## What is needed
From the line holding "cleanz antidandraff hair lotion" through the line holding "galician beach landscape, galicia, spain." below, write out every line exactly; include both of those lines and drop the pictures.

## Records
--------------------------------
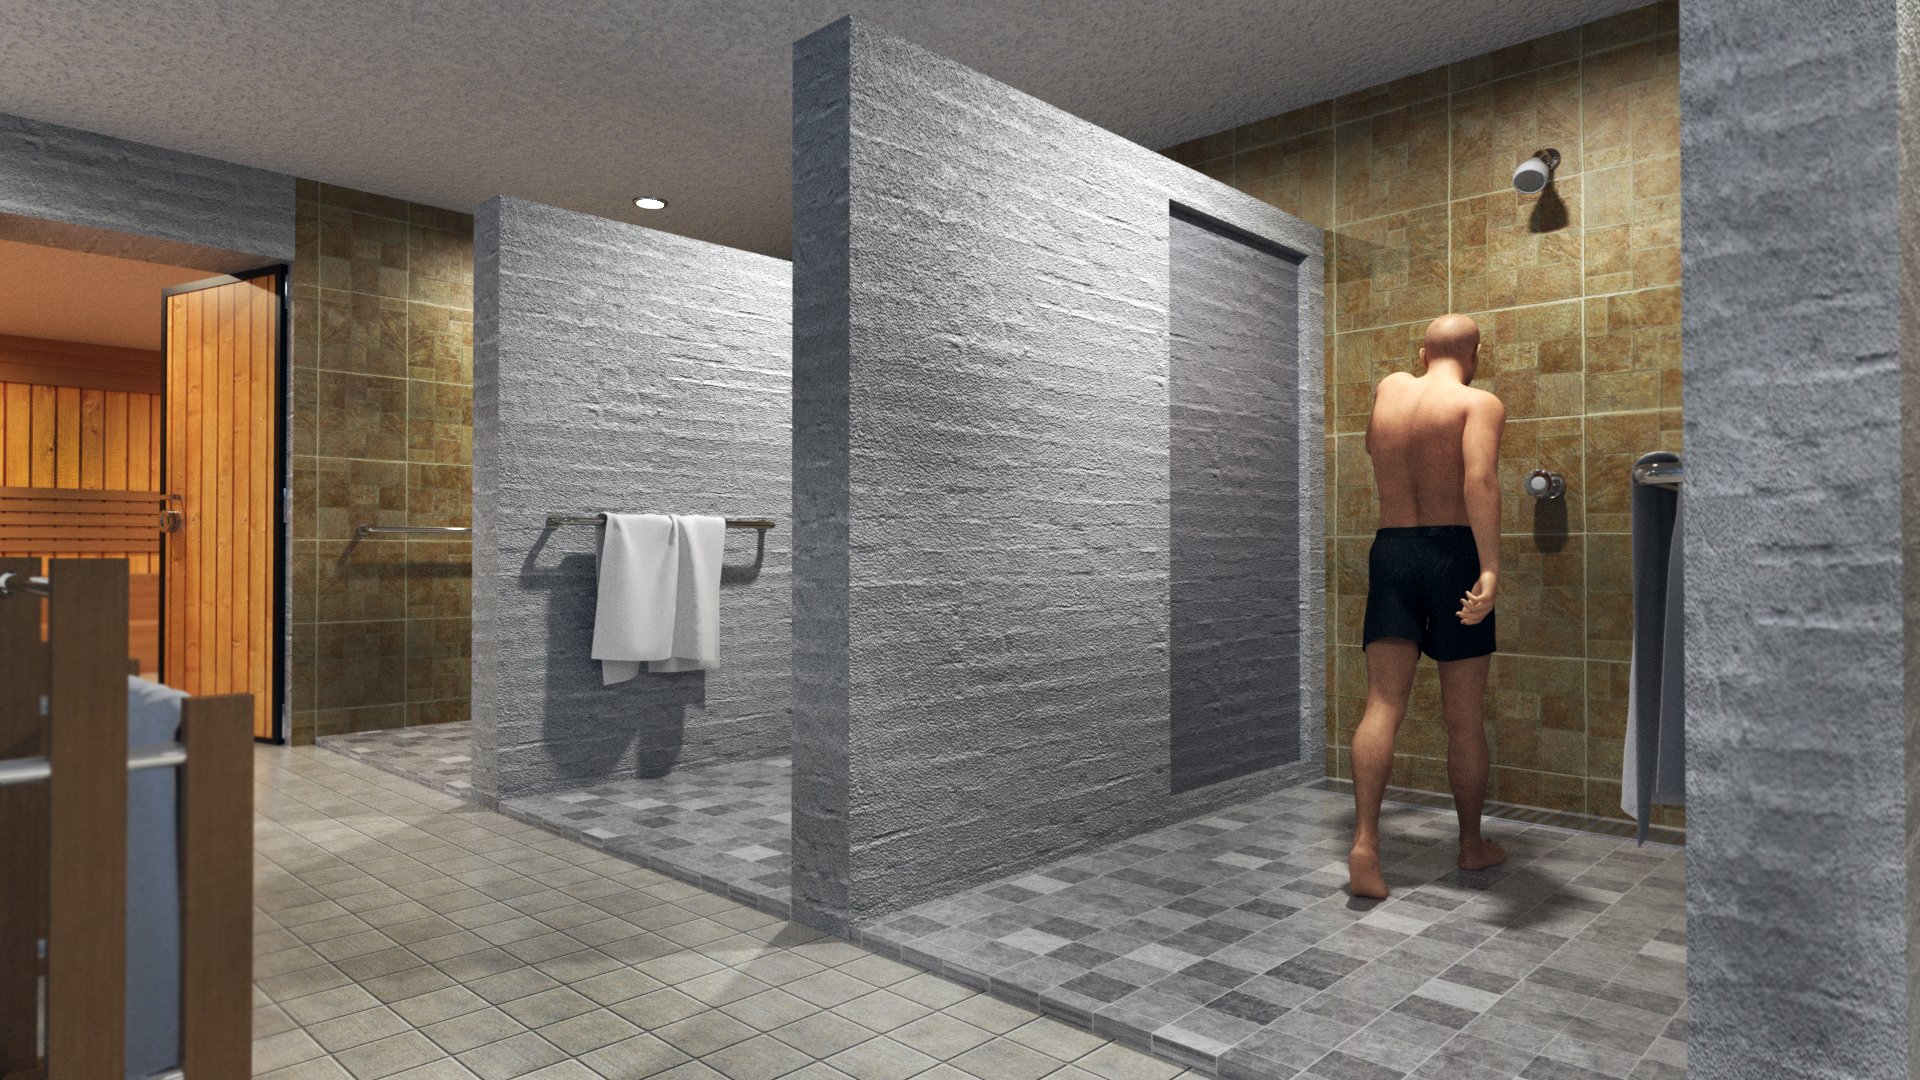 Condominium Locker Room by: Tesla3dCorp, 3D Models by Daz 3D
--------------------------------
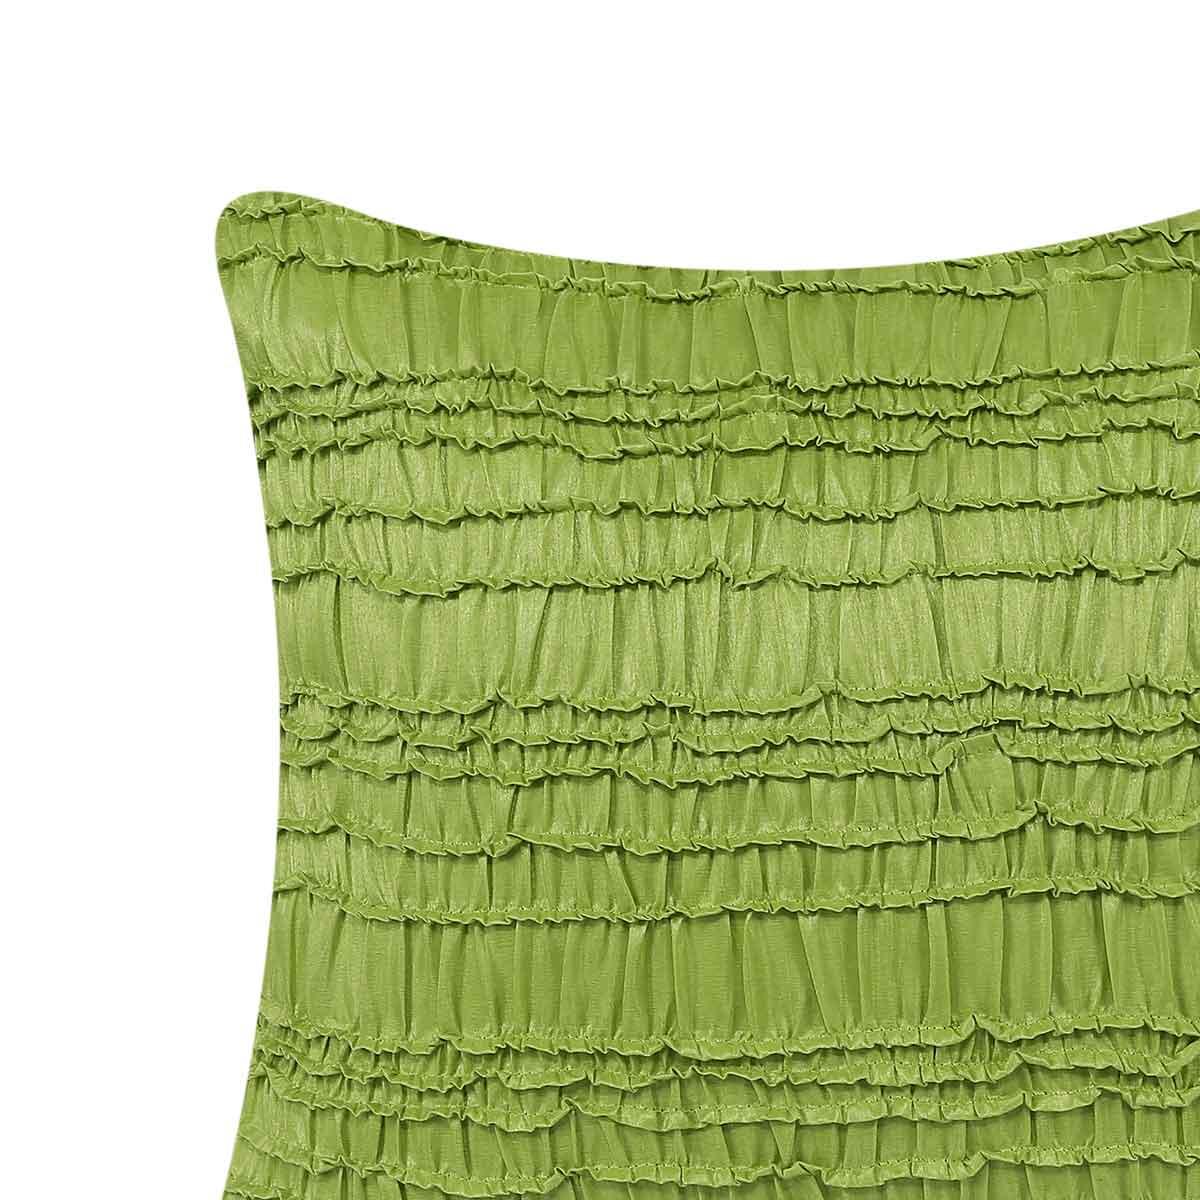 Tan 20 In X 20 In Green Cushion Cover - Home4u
--------------------------------
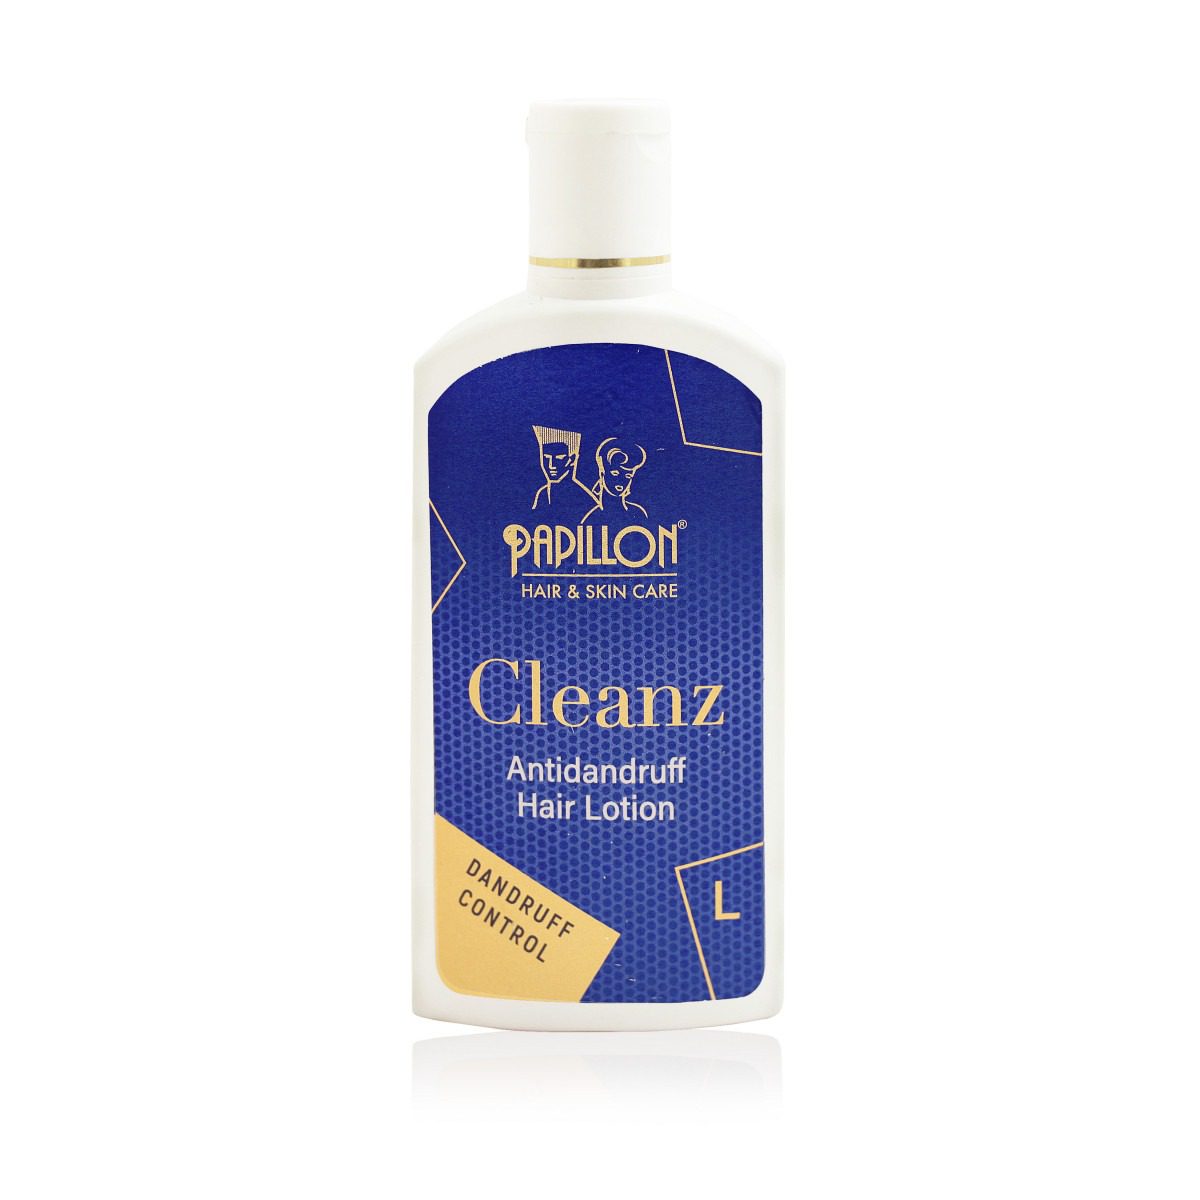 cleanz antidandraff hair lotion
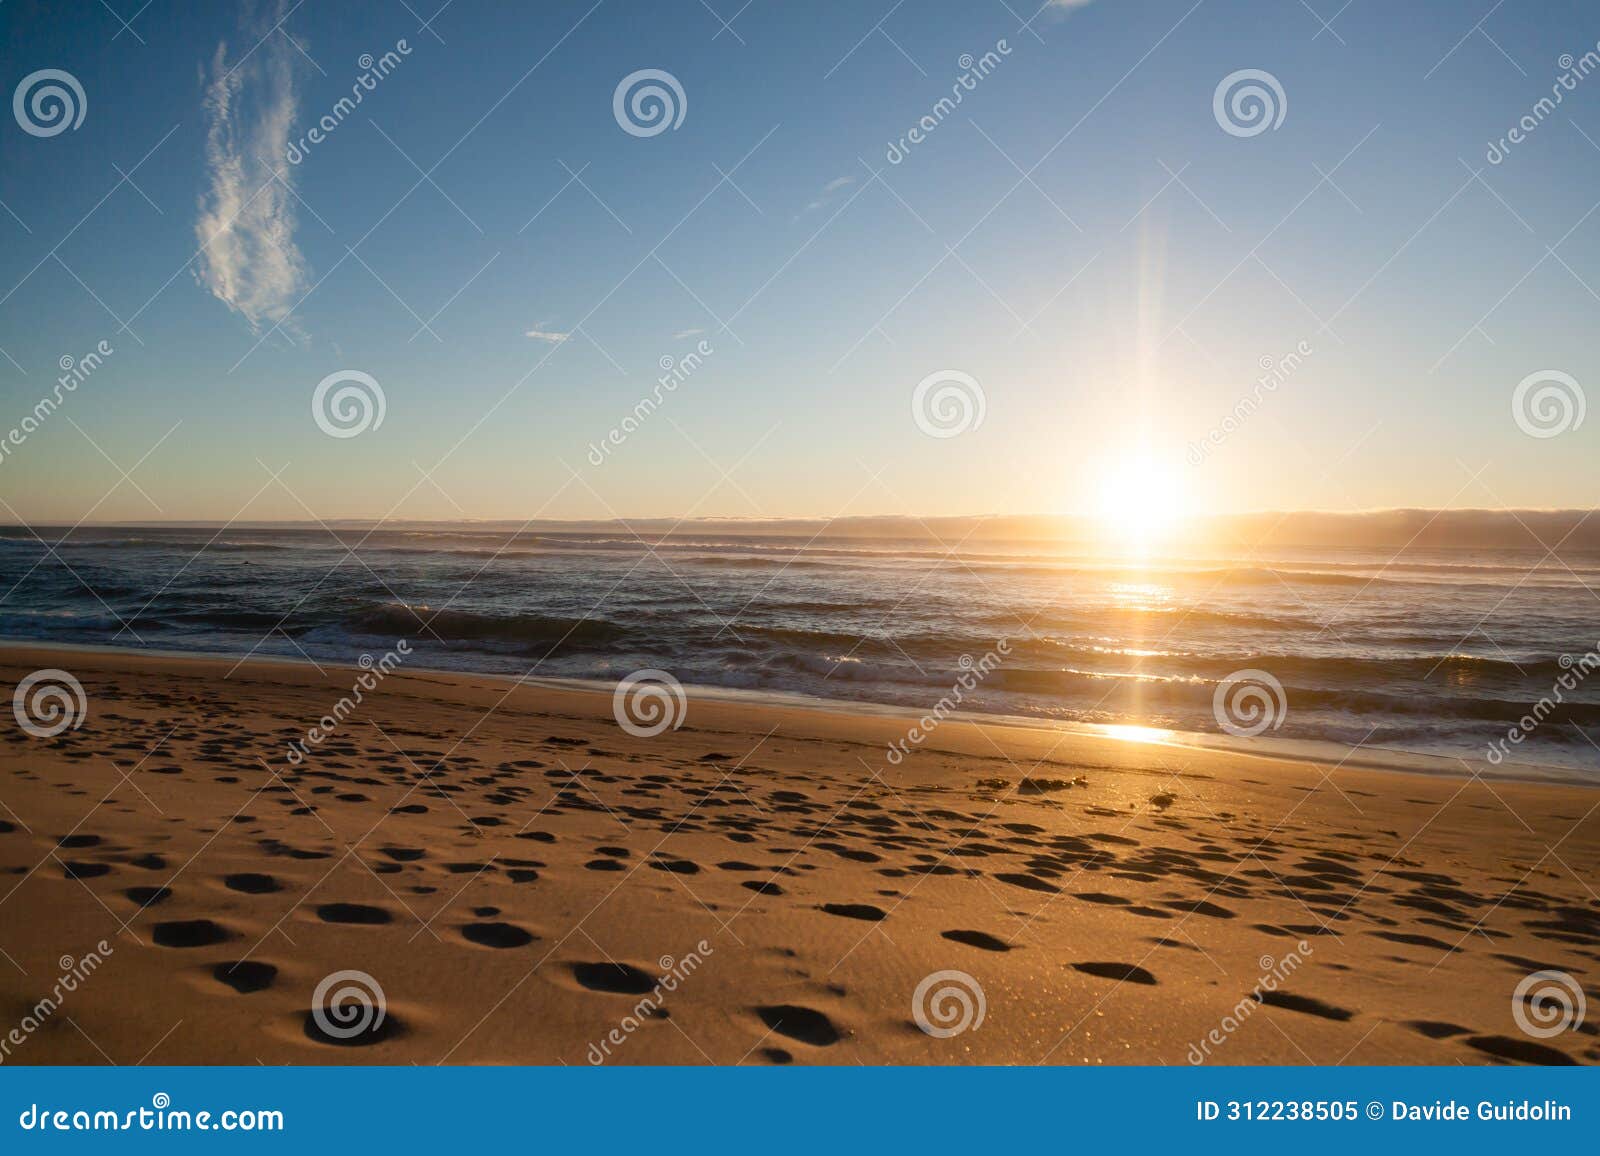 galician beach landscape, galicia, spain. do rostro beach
--------------------------------
## Answer area
 cleanz antidandraff hair lotion
 galician beach landscape, galicia, spain. do rostro beach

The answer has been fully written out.